Producing meaningful information takes much effort and organization. When a worker is attempting to collect data, many factors must be taken into consideration. The worker must figure out who will be the targeted audience, what will be the most effective way of gaining information from them, and how will the worker make sure they are truthful.
When attaining human generated information, it makes sense to have people who are familiar with the topic being discussed. If the respondents have an interest in the topic then they will be more willing to take their time and answer appropriately. This way, the audiences opinion will carry more weight and will most likely be more truthful. With a little bit of effort from the worker, he/she will find the right audience who will give meaningful data.
Obtaining valid information from respondents can be difficult. The worker can obtain data through surveys but that is very impersonal and possibly invalid. Interviews are personal but they are also very time-consuming. There really isn’t a perfect way to gain human generated information. It depends on the situation, the number of respondents, etc. The most effective way to go about collecting data is probably a mixture of surveys and interviews.
Lastly, the worker needs the respondents to be truthful. This is where most of the worker’s effort and organization comes into play. If the worker has researched his target audience and has organized an effective way to keep the respondents interested, then he/she has done their best to obtain truthful and significant information.
Meaningful information is the only type of data that can be useful in its interpretation. If the data isn’t concise, it is basically useless.
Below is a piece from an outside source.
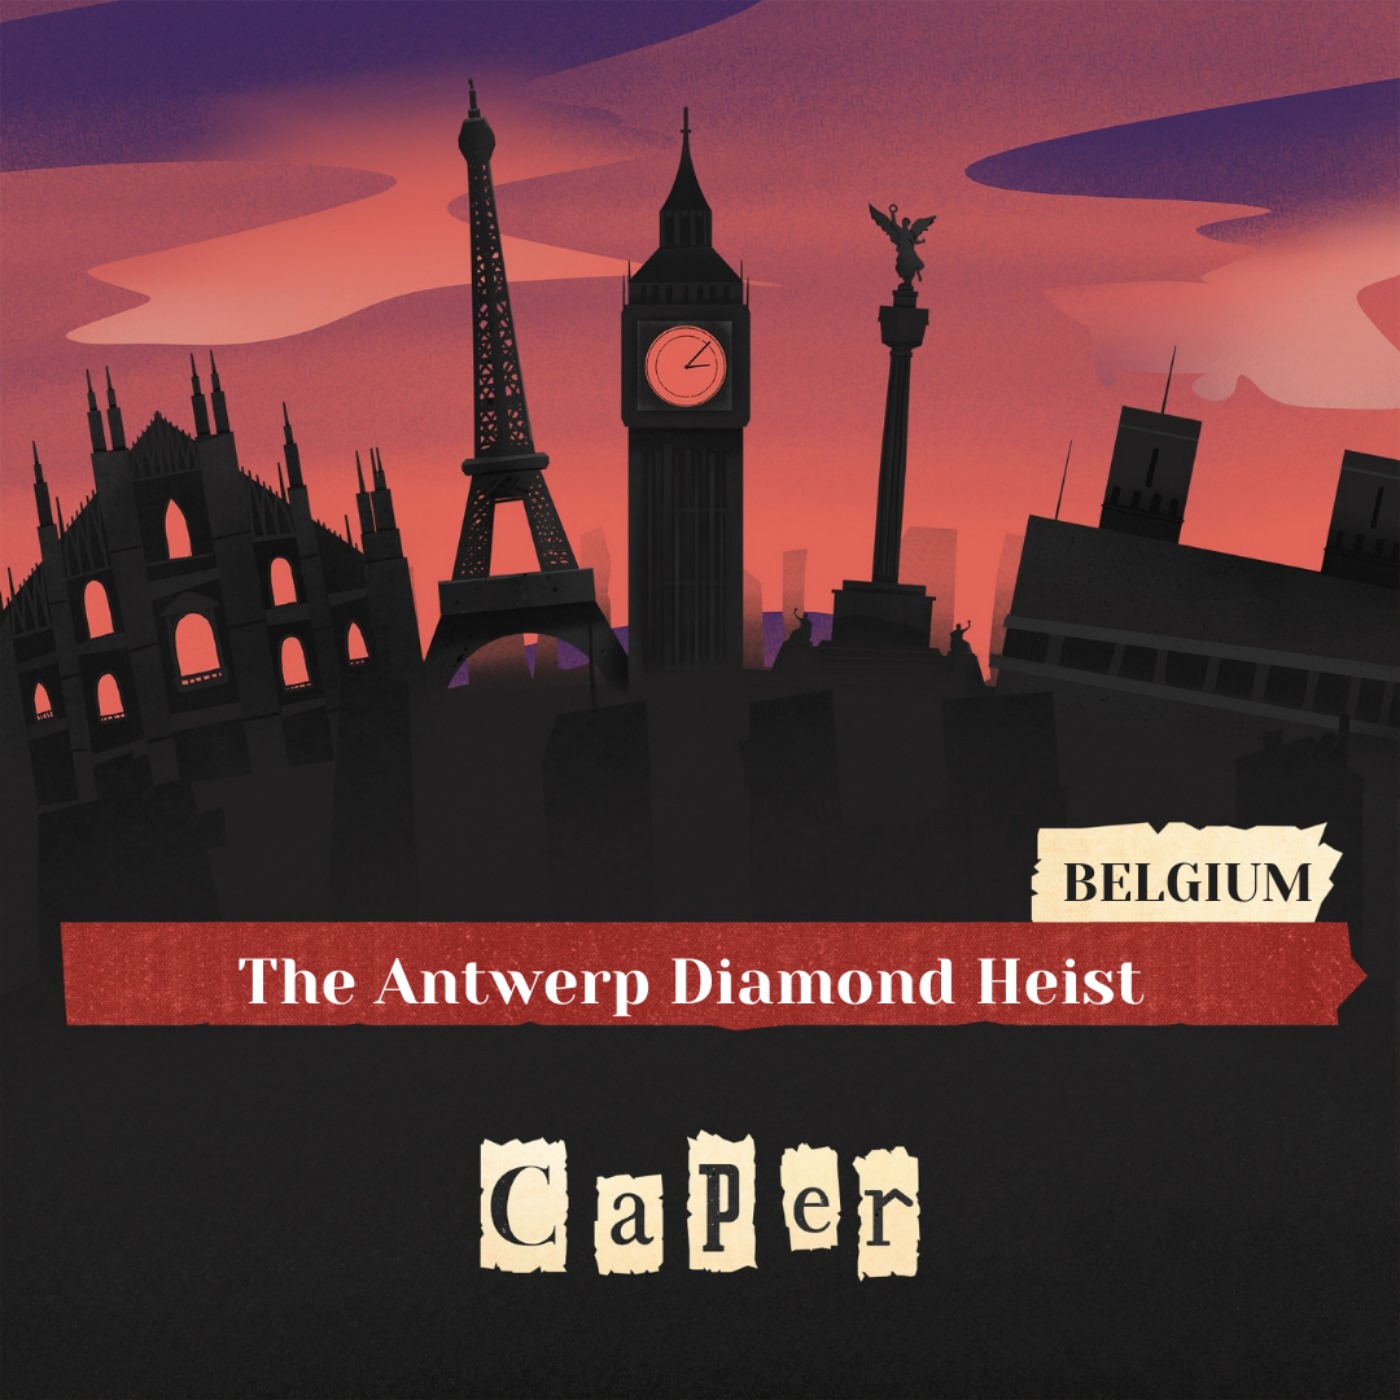 The Antwerp Diamond Heist
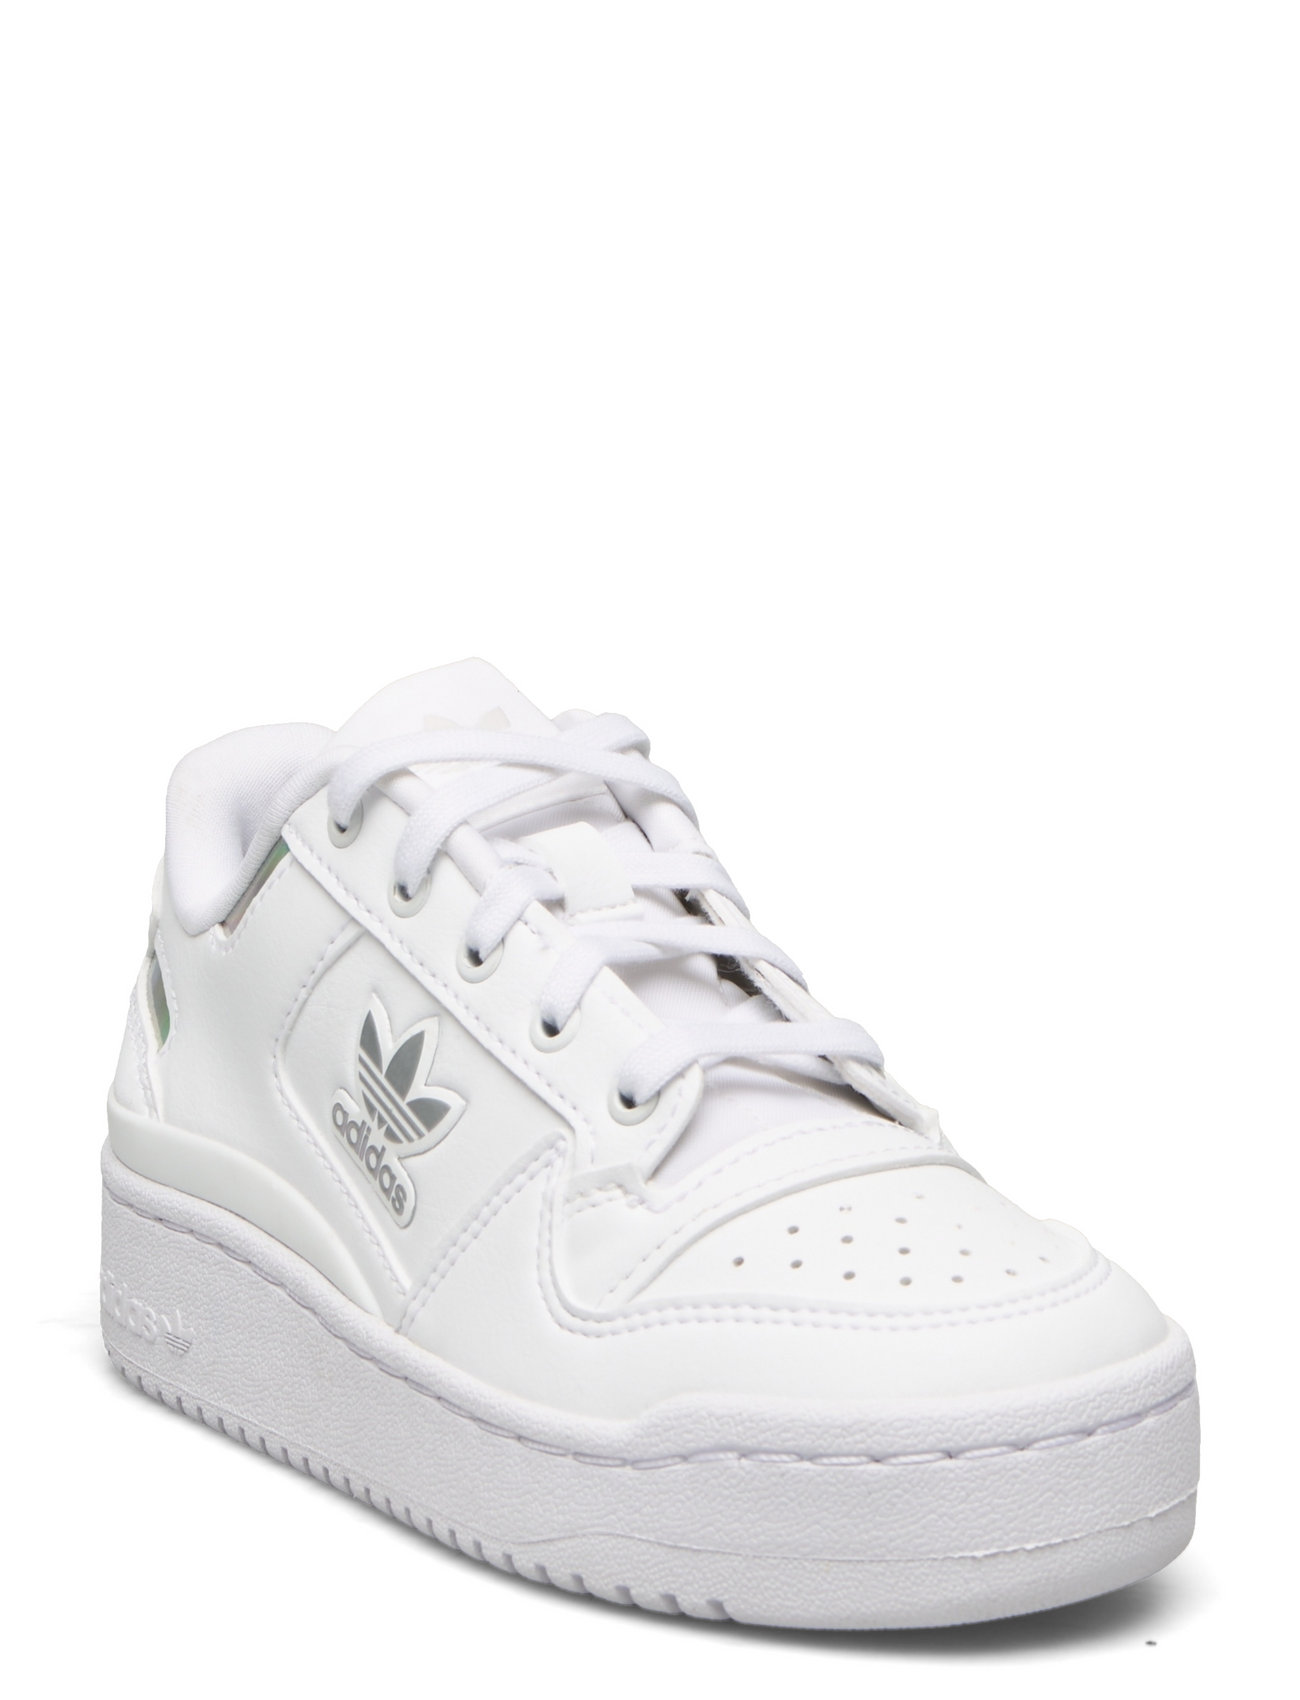 "adidas Originals" "Forum Bold C Sport Sneakers Low-top White Adidas

To help solve the problem of collecting meaningless data, I think begins with those conducting the study. If they are passionate about the study then the results and how they will obtain the data will be taken seriously. Also, the user must be familiar with the technology they are using because without the data, computers lose a lot of their potential. Other problems can occur with collecting data. First, the data can only be interpreted if it is entered into the database correctly. I learned in my statistics class how just 1 simple entry can throw off a whole correlation or ruin the mean. Also, you have to trust that the sampling of people from which the data is being collected is truthful. If they didn’t take it seriously, then that data seems kind of worthless.
Data is how we survive in the business world. We collect, analyze, and make decisions based on company status, progression, opinions, and so much more. Being able to comprehend the information and use it to your advantage can keep you a step ahead of those who don’t pay attention to it.
Extracting meaningful information out of a database has two real main problems so far as I can see.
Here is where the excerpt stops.